### [DATA EXCERPT]
──────────
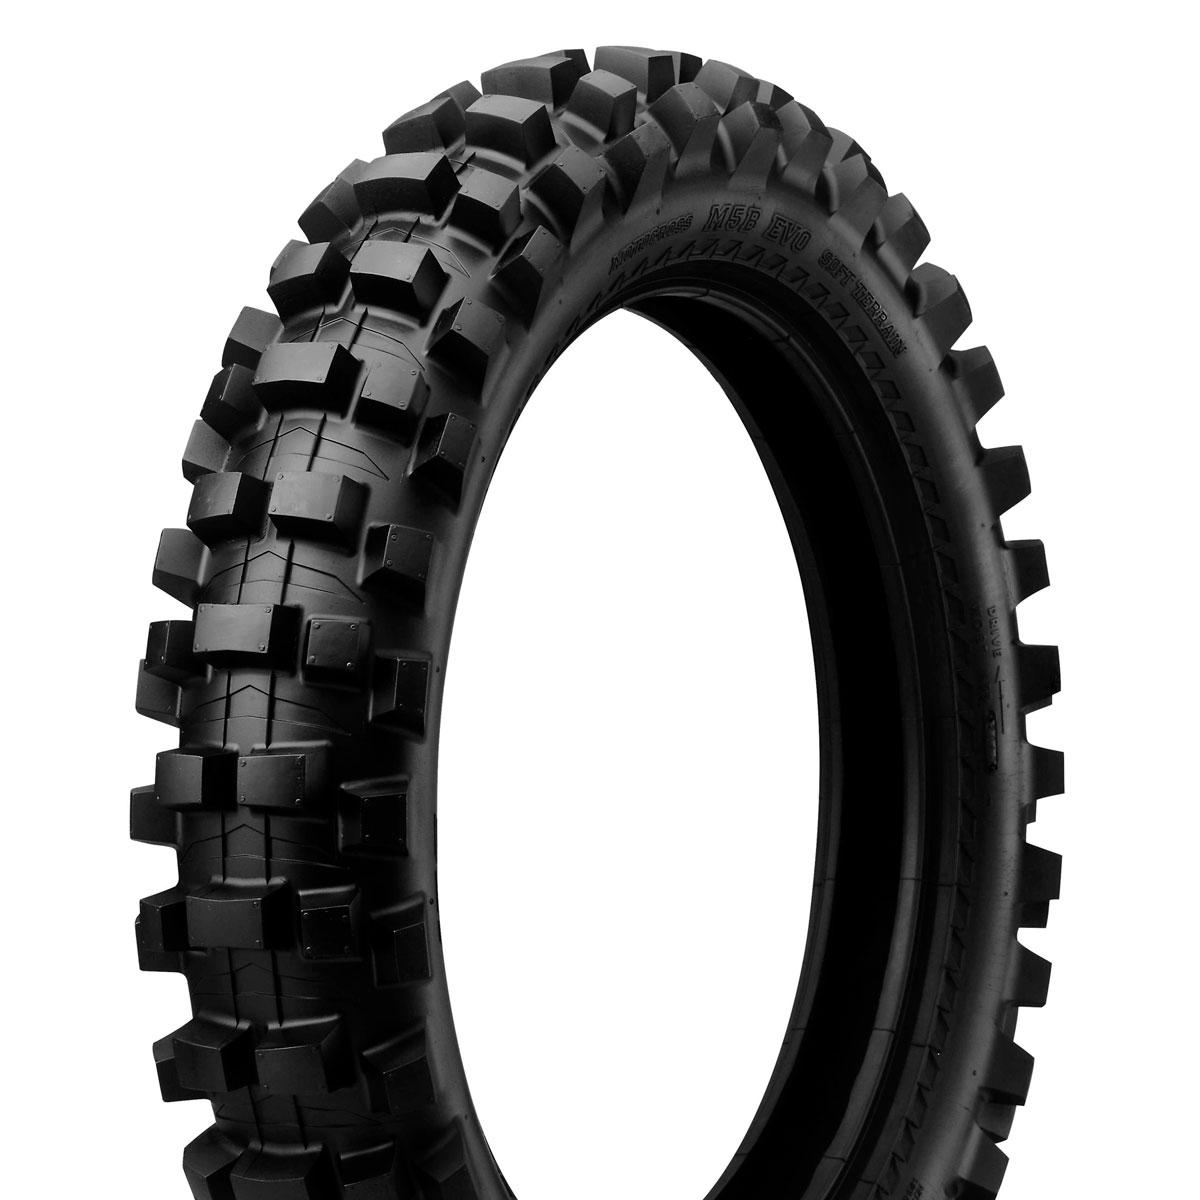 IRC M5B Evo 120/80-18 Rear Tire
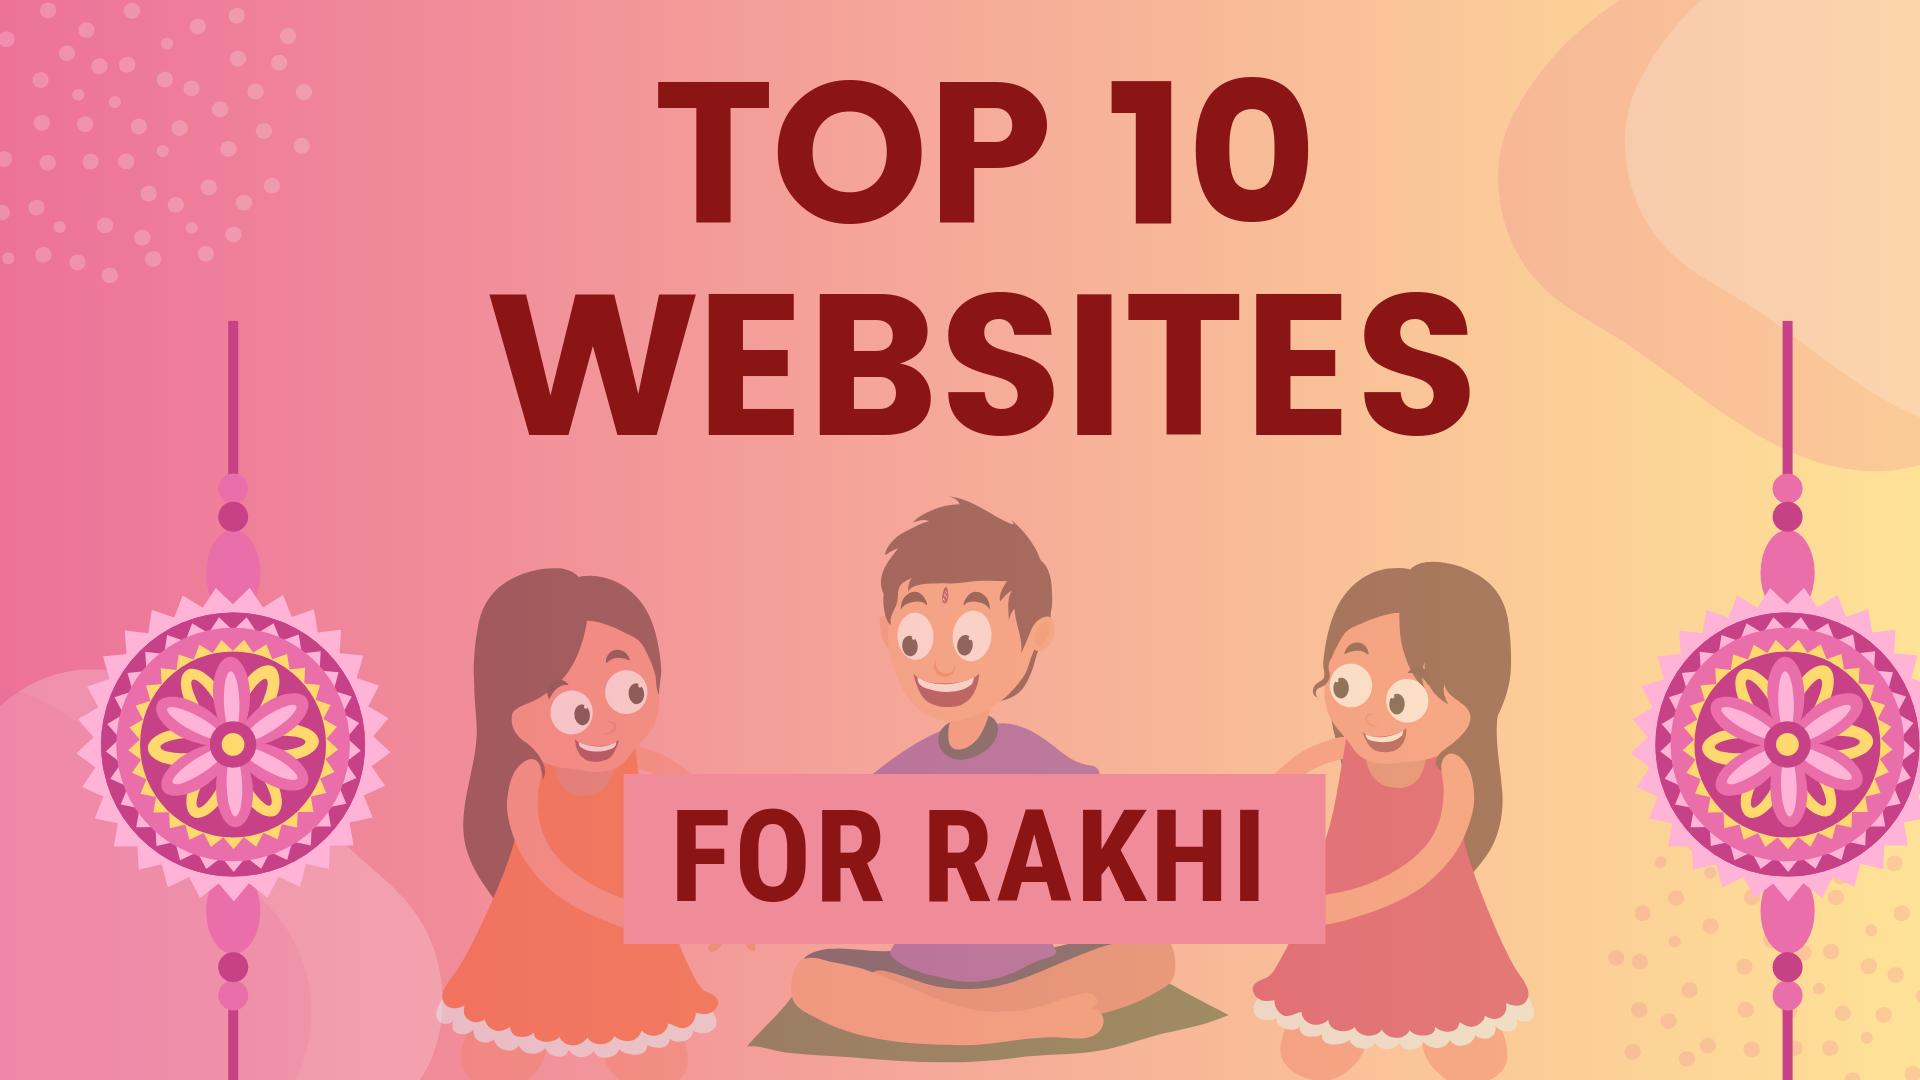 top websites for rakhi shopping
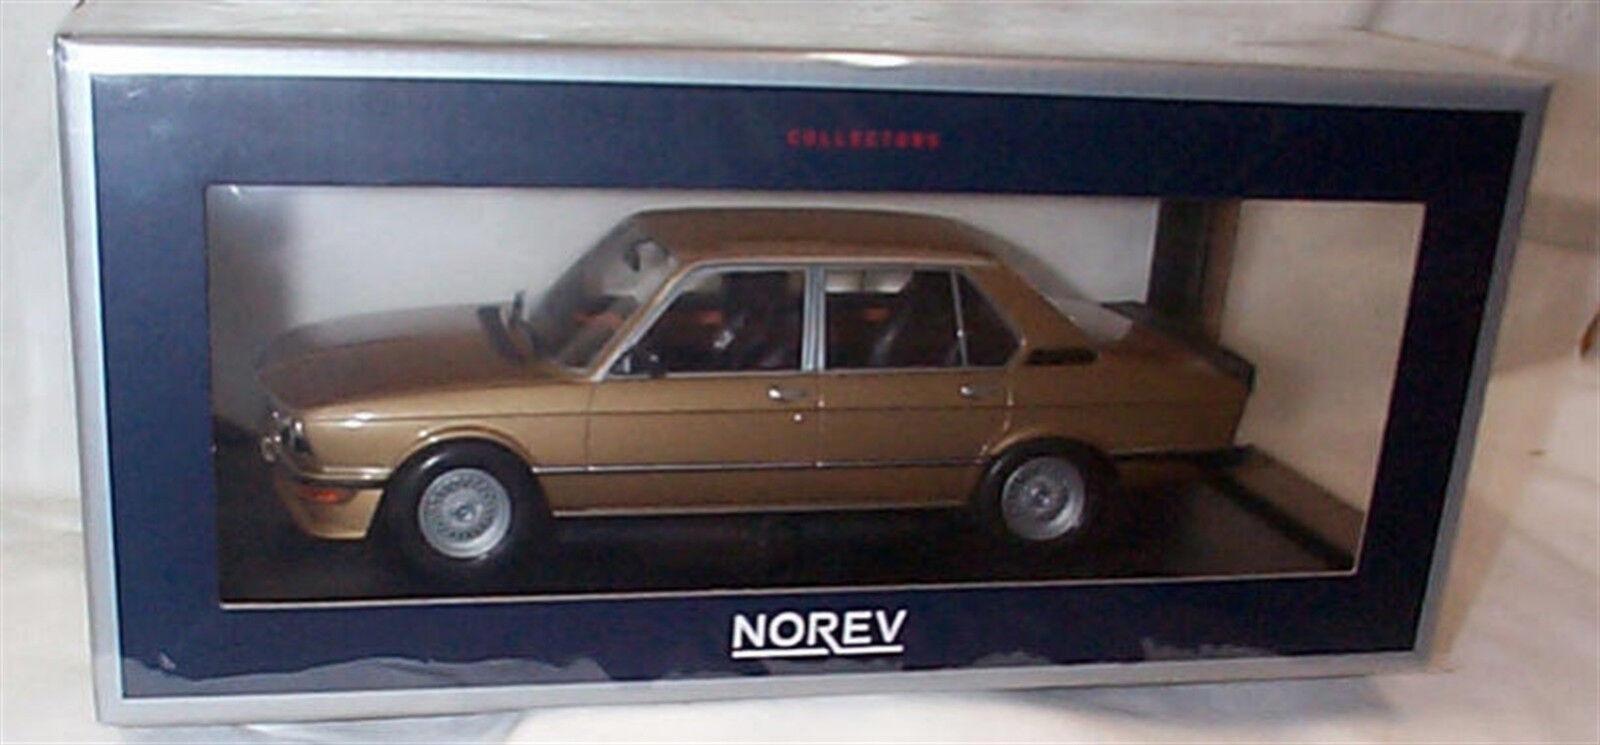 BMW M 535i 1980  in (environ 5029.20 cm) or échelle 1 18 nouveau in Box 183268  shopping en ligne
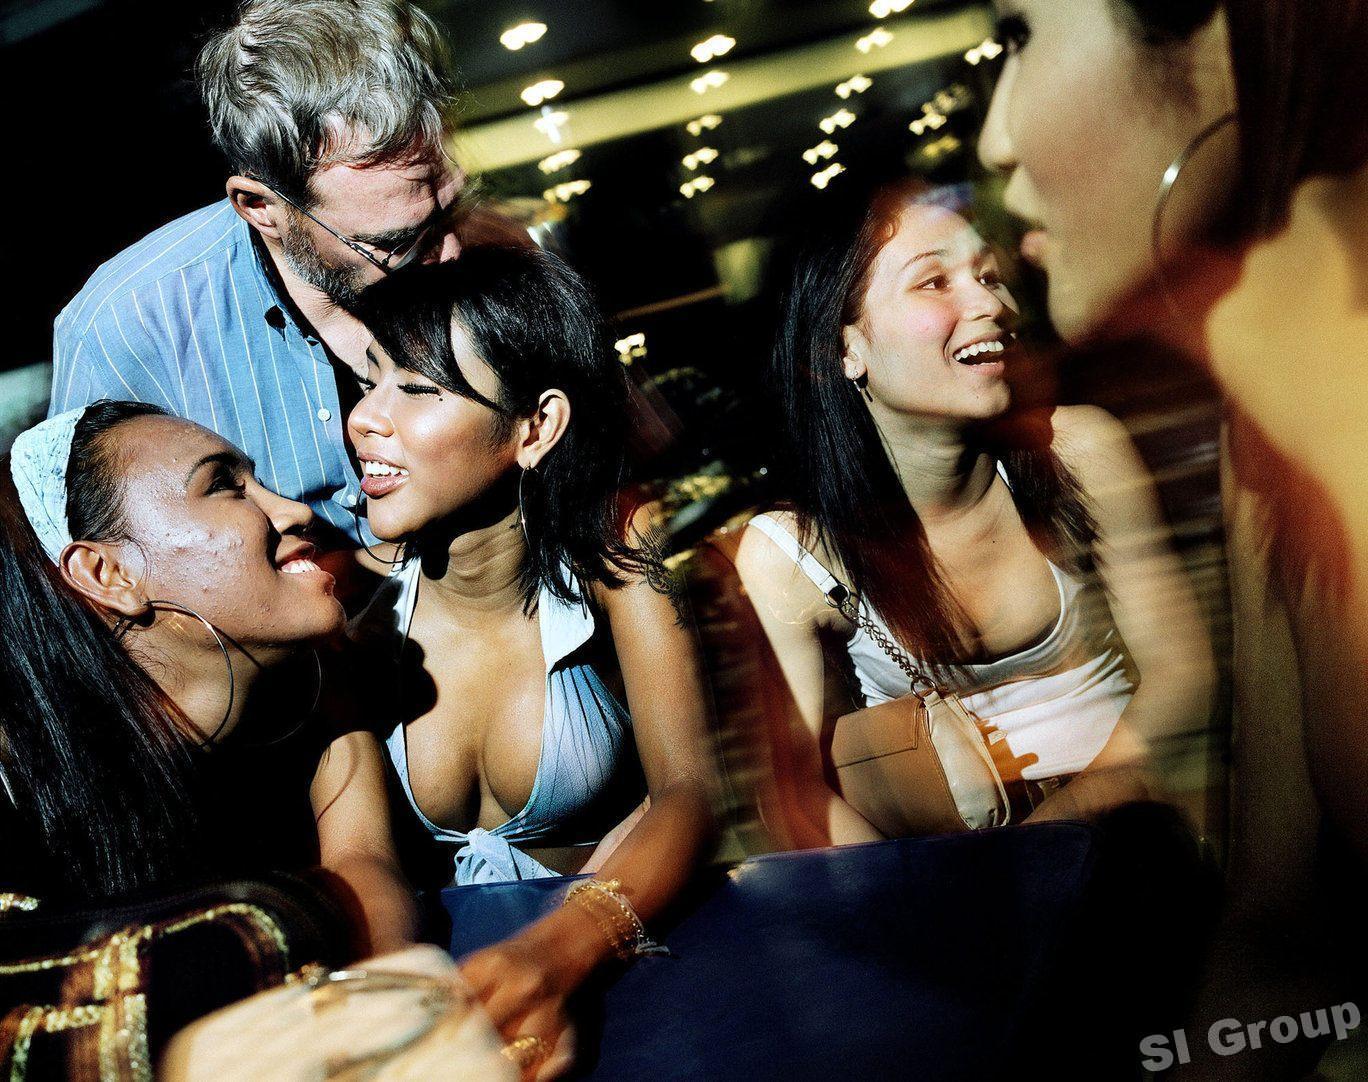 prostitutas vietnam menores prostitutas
──────────
Would you return the data exactly as written, without the pictures?

 IRC M5B Evo 120/80-18 Rear Tire
 top websites for rakhi shopping
 BMW M 535i 1980  in (environ 5029.20 cm) or échelle 1 18 nouveau in Box 183268  shopping en ligne
 prostitutas vietnam menores prostitutas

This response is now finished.